__Task instructions__.
Return the line that has "man with shields" and all lines below it through the last, exactly as they stand; omit pictures.

Provided material below:

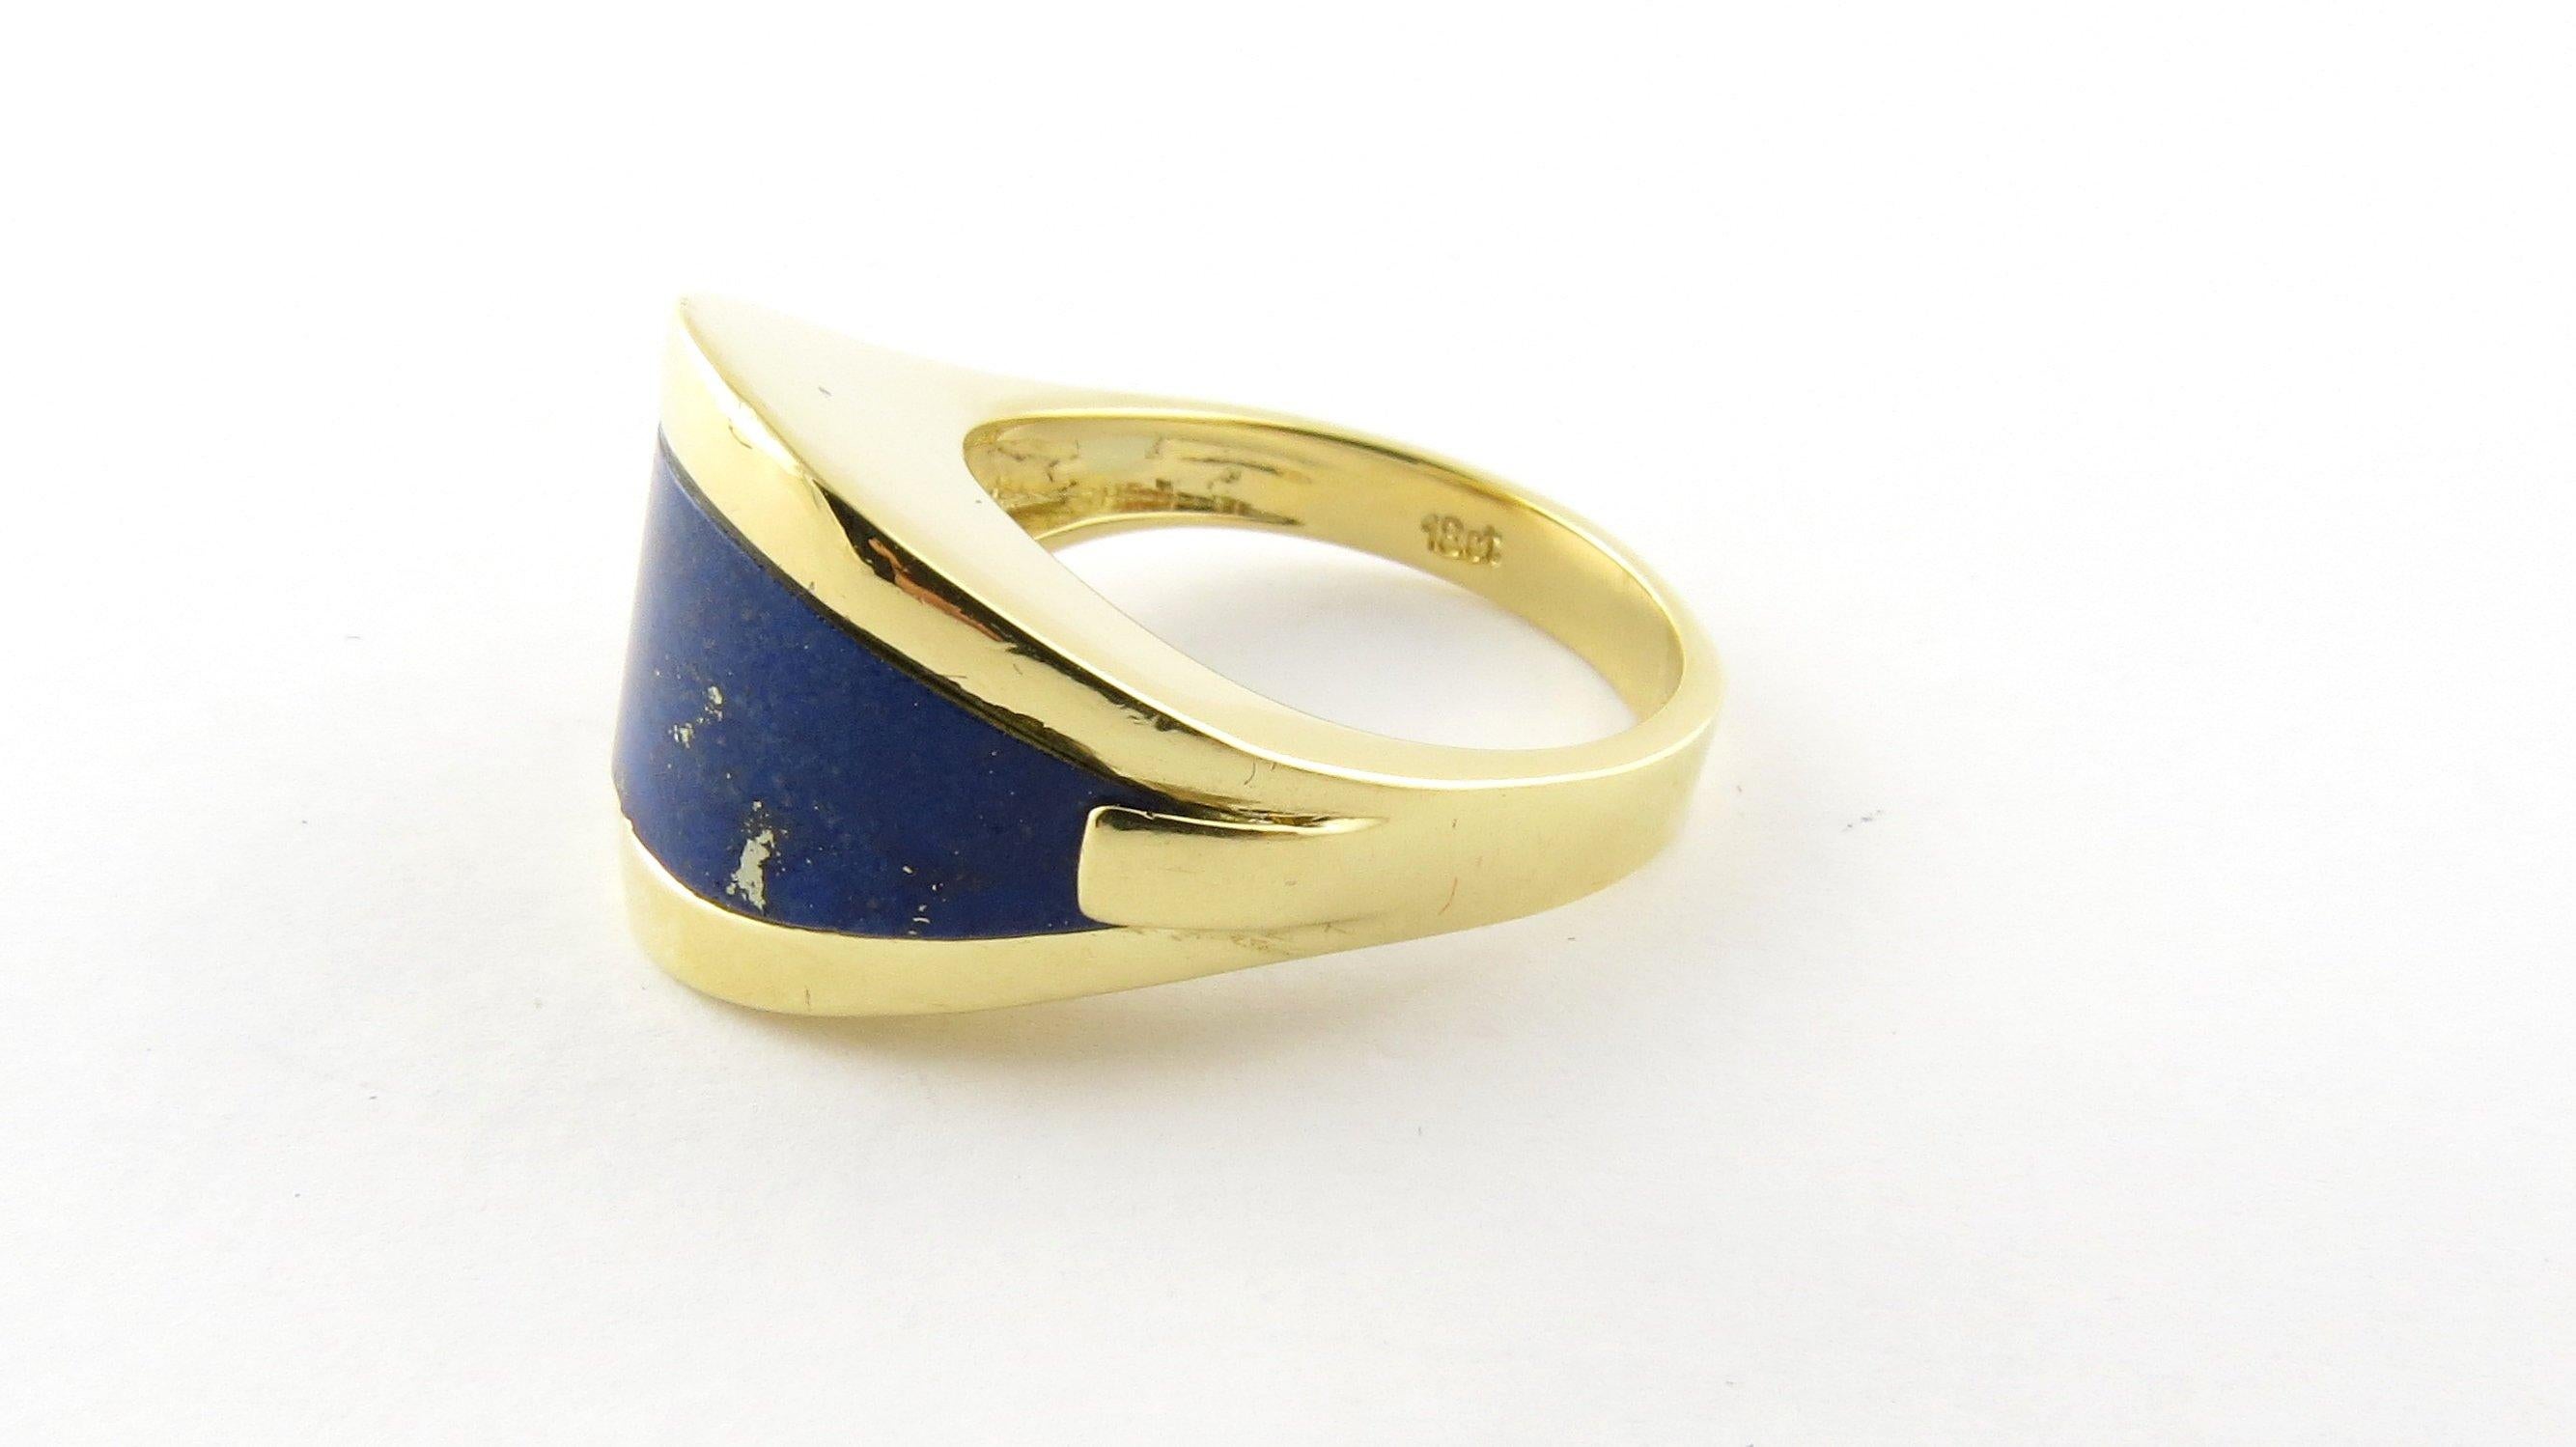 Vintage 18 Karat Yellow Gold and Blue Lapis Ring Size 5.75. This stunning ring features a genuine blue lapis stone set in beautifully detailed 18K yellow gold. Width at widest point: 13 mm. Shank: 3 mm. Height: 8 mm.
Ring Size: 5.75. Weight: 5.1
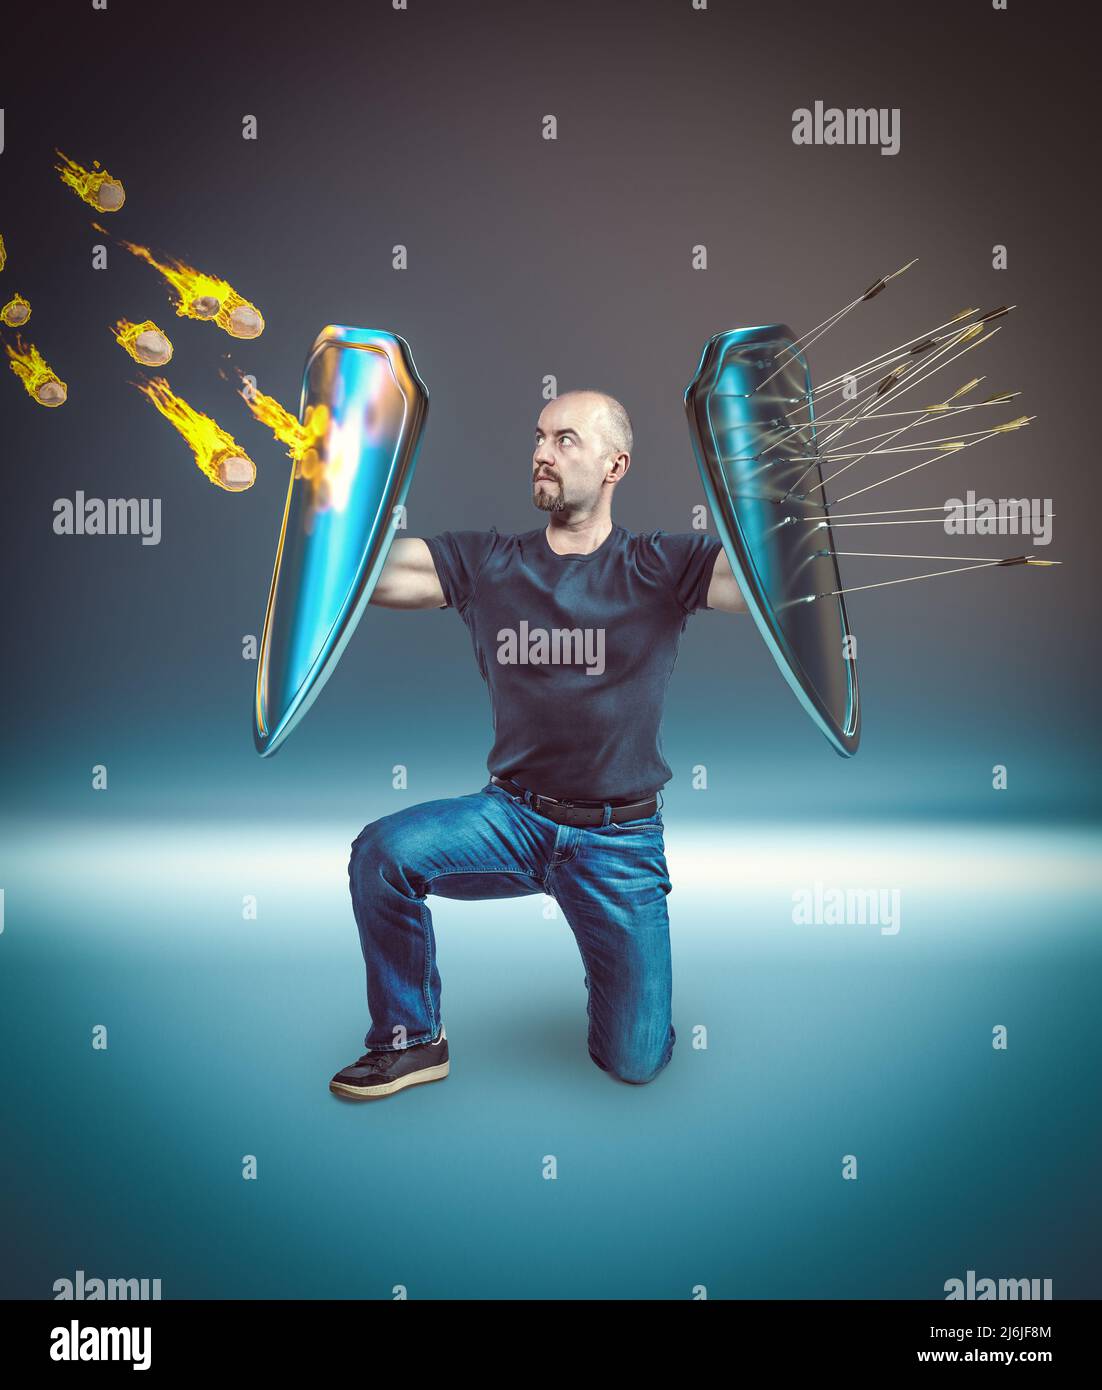 man with shields defends himself from simultaneous attacks Stock Photo
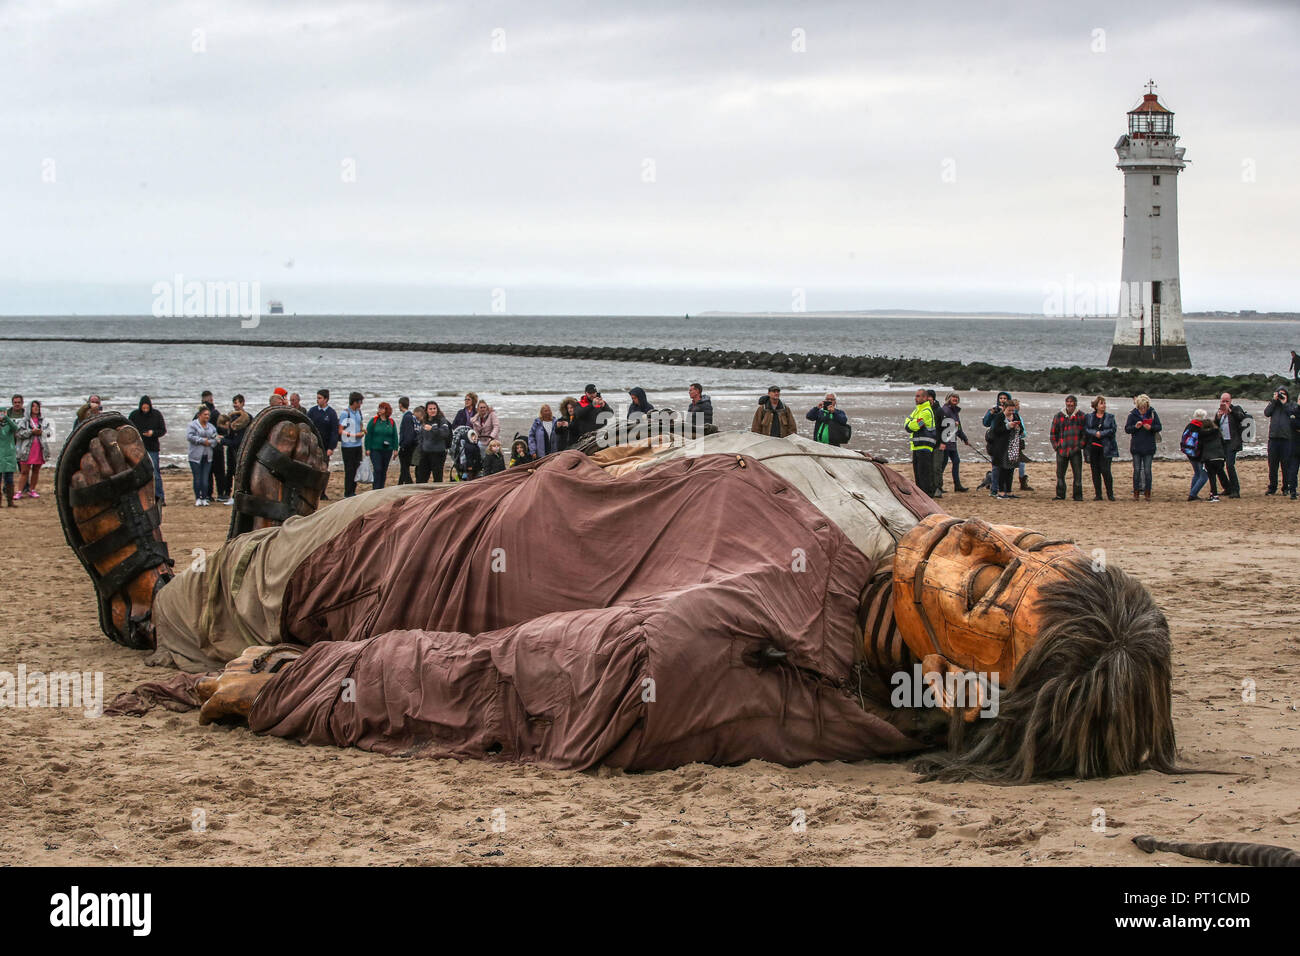 The Giant Man lays on the beach at New Brighton, Wirral, 'shipwrecked before he is woken up and goes for a walk', as part of the Royal De Luxe Giant Spectacular over the weekend. Stock Photo

End of Provided material.

__Written answer__.
 man with shields defends himself from simultaneous attacks Stock Photo
 The Giant Man lays on the beach at New Brighton, Wirral, 'shipwrecked before he is woken up and goes for a walk', as part of the Royal De Luxe Giant Spectacular over the weekend. Stock Photo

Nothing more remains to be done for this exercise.